GOAL OF THE EXERCISE: Which of the lines in the data mention the string "Foto"? List them all.

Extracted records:
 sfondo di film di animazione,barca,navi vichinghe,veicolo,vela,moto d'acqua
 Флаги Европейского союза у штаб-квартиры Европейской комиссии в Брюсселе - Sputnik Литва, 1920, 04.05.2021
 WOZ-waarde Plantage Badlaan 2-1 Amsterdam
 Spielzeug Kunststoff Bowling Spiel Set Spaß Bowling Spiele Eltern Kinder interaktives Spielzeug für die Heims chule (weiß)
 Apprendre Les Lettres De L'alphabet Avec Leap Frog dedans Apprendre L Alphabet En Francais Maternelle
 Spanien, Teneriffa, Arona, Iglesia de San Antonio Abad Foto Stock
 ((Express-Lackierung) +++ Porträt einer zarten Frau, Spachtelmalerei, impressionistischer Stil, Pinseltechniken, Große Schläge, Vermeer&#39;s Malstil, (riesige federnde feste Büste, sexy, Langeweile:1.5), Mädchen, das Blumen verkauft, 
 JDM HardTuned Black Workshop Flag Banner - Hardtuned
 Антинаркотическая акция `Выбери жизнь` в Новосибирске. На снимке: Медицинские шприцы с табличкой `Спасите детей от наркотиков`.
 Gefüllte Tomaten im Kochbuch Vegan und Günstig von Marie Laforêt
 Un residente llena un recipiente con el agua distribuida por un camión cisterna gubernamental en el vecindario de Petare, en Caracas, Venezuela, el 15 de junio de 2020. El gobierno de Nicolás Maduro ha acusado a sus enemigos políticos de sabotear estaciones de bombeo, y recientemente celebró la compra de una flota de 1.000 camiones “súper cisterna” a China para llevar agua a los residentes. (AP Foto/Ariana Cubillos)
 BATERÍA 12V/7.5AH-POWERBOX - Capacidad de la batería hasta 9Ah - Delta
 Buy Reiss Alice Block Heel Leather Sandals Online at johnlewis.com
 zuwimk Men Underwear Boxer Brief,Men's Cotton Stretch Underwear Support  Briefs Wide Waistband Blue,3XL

WRITTEN SOLUTION:
 Spanien, Teneriffa, Arona, Iglesia de San Antonio Abad Foto Stock
 Un residente llena un recipiente con el agua distribuida por un camión cisterna gubernamental en el vecindario de Petare, en Caracas, Venezuela, el 15 de junio de 2020. El gobierno de Nicolás Maduro ha acusado a sus enemigos políticos de sabotear estaciones de bombeo, y recientemente celebró la compra de una flota de 1.000 camiones “súper cisterna” a China para llevar agua a los residentes. (AP Foto/Ariana Cubillos)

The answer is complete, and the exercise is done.